◆ WHAT THE EXERCISE ASKS:
Restate word for word the line containing "Rest height 45" and every following line in the material below, up to and including the last one.

◆ GIVEN DATA:
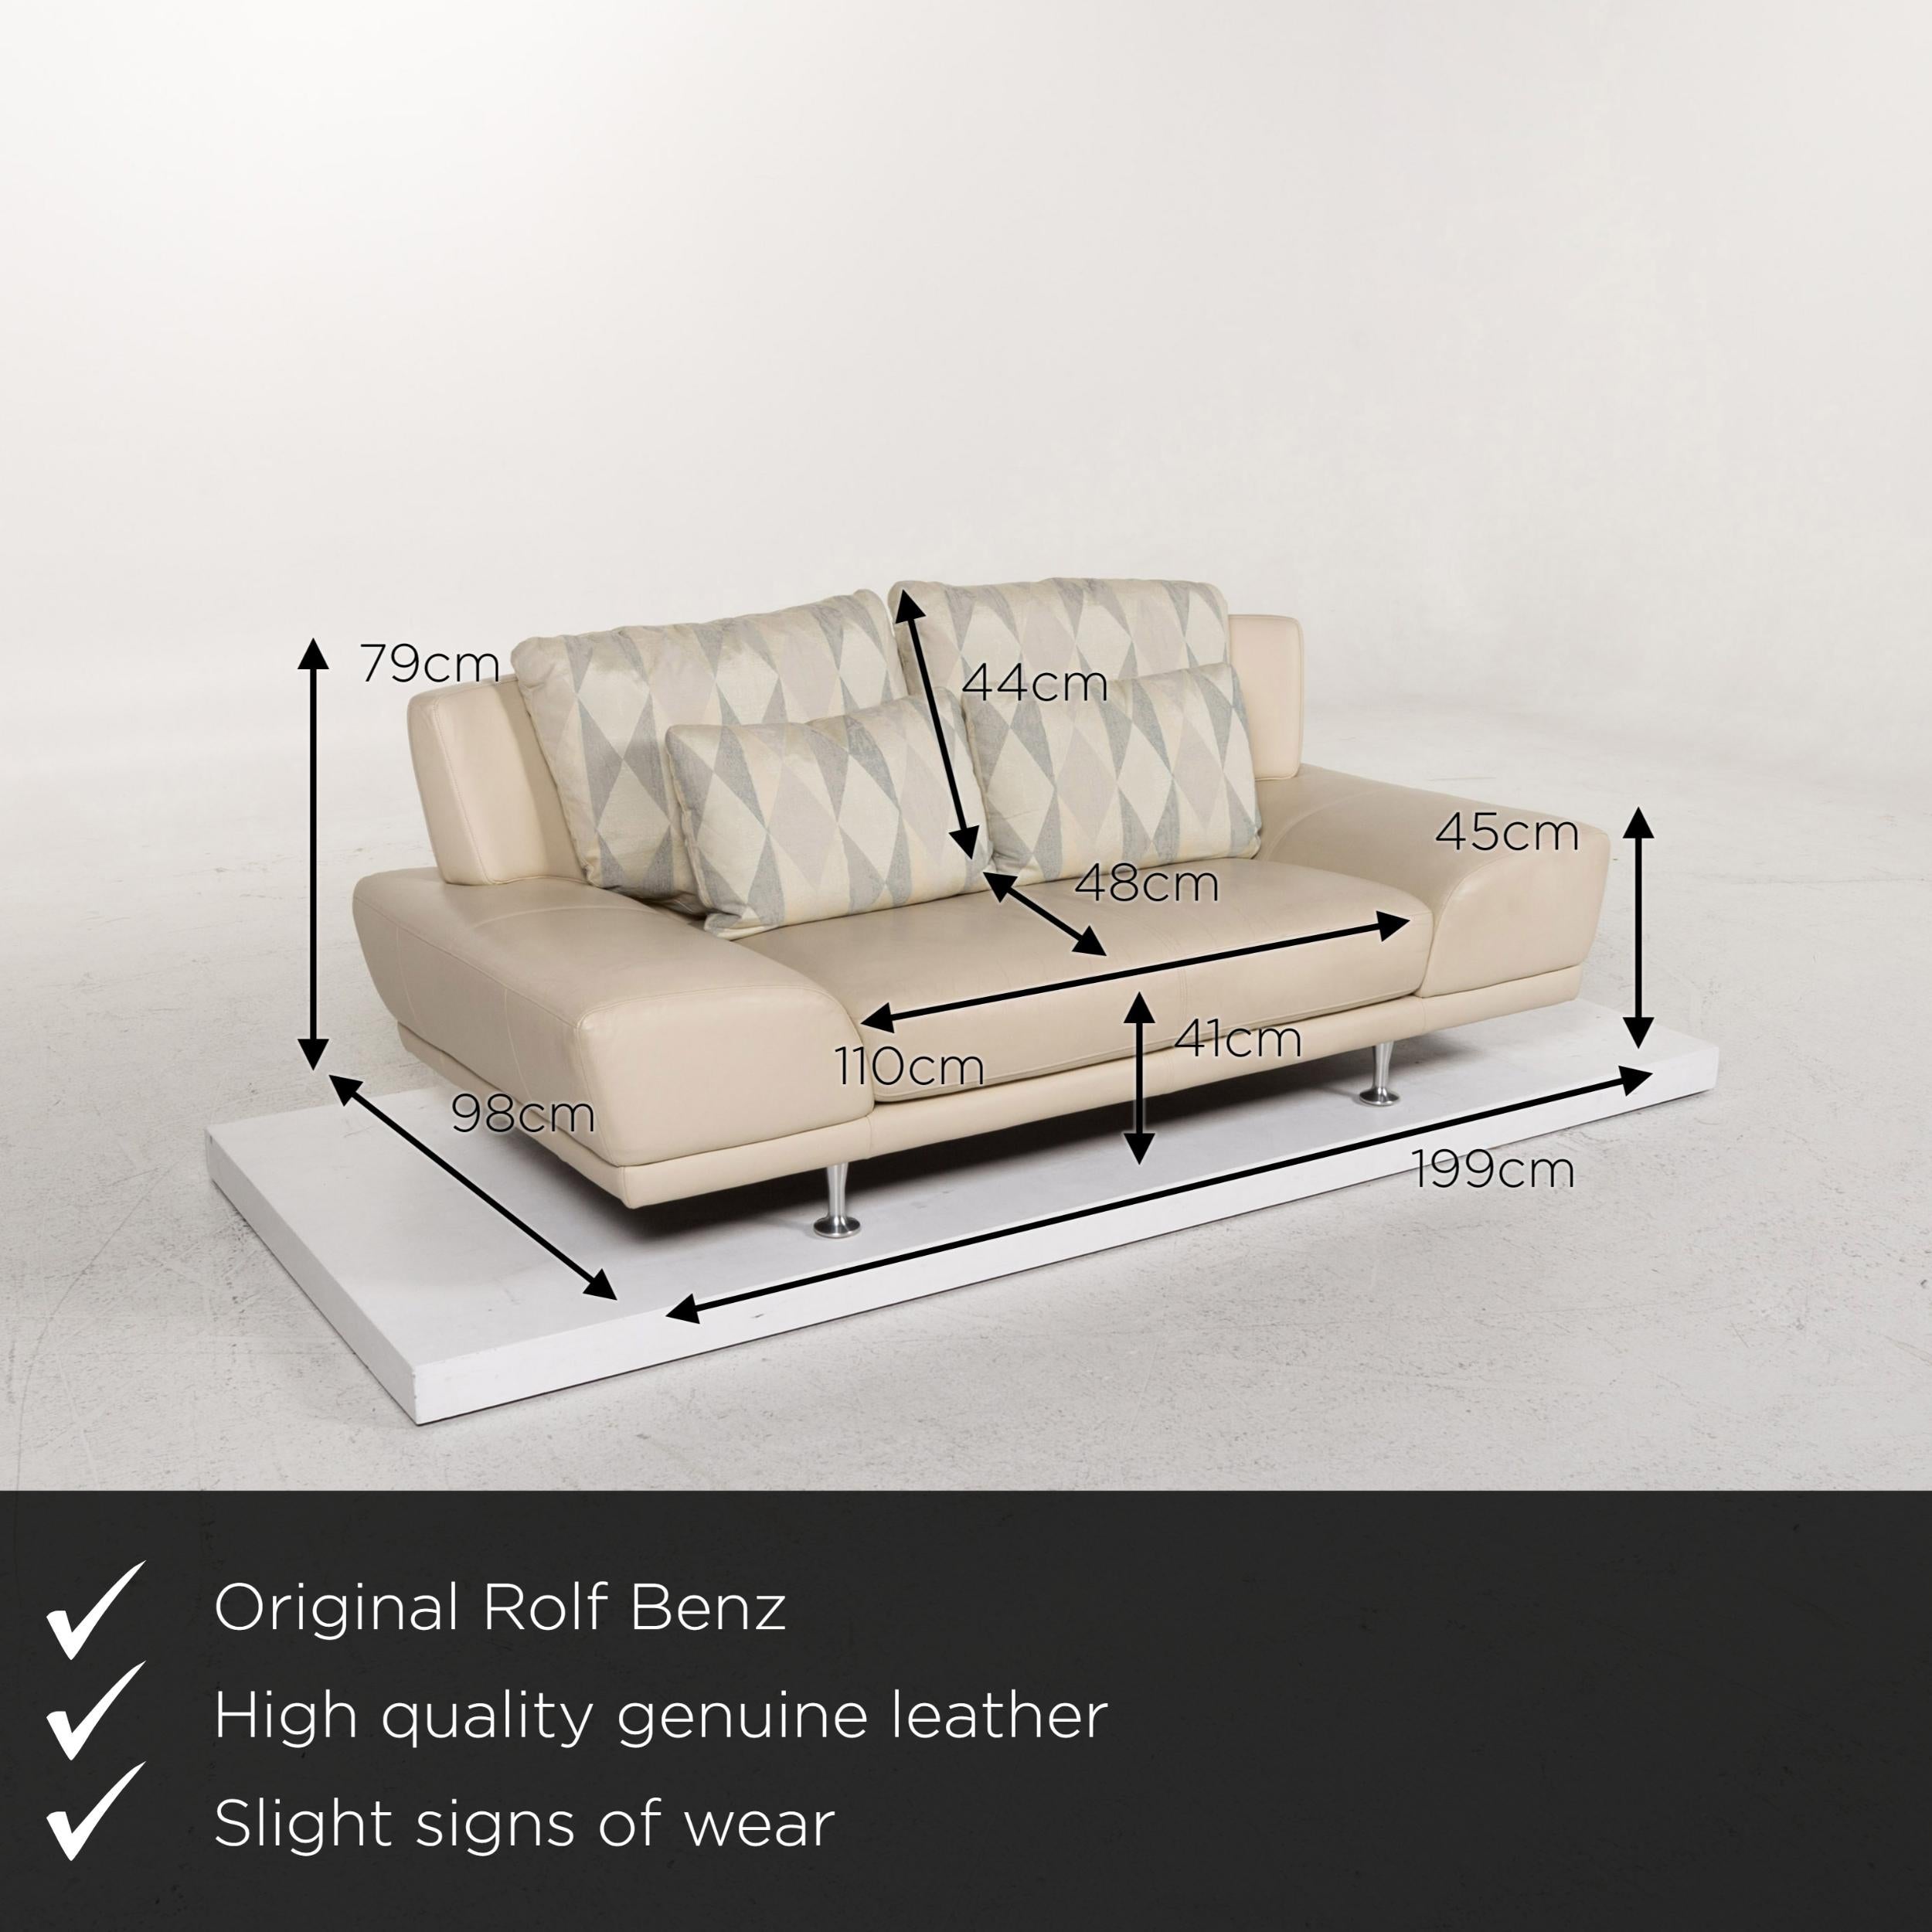 We present to you a Rolf Benz leather sofa cream two-seat couch.
 

 Product measurements in centimeters:
 

Depth 98
Width 199
Height 79
Seat height 41
Rest height 45
Seat depth 48
Seat width 110
Back height 44.
 
    

◆ PROBLEM SOLUTION:
Rest height 45
Seat depth 48
Seat width 110
Back height 44.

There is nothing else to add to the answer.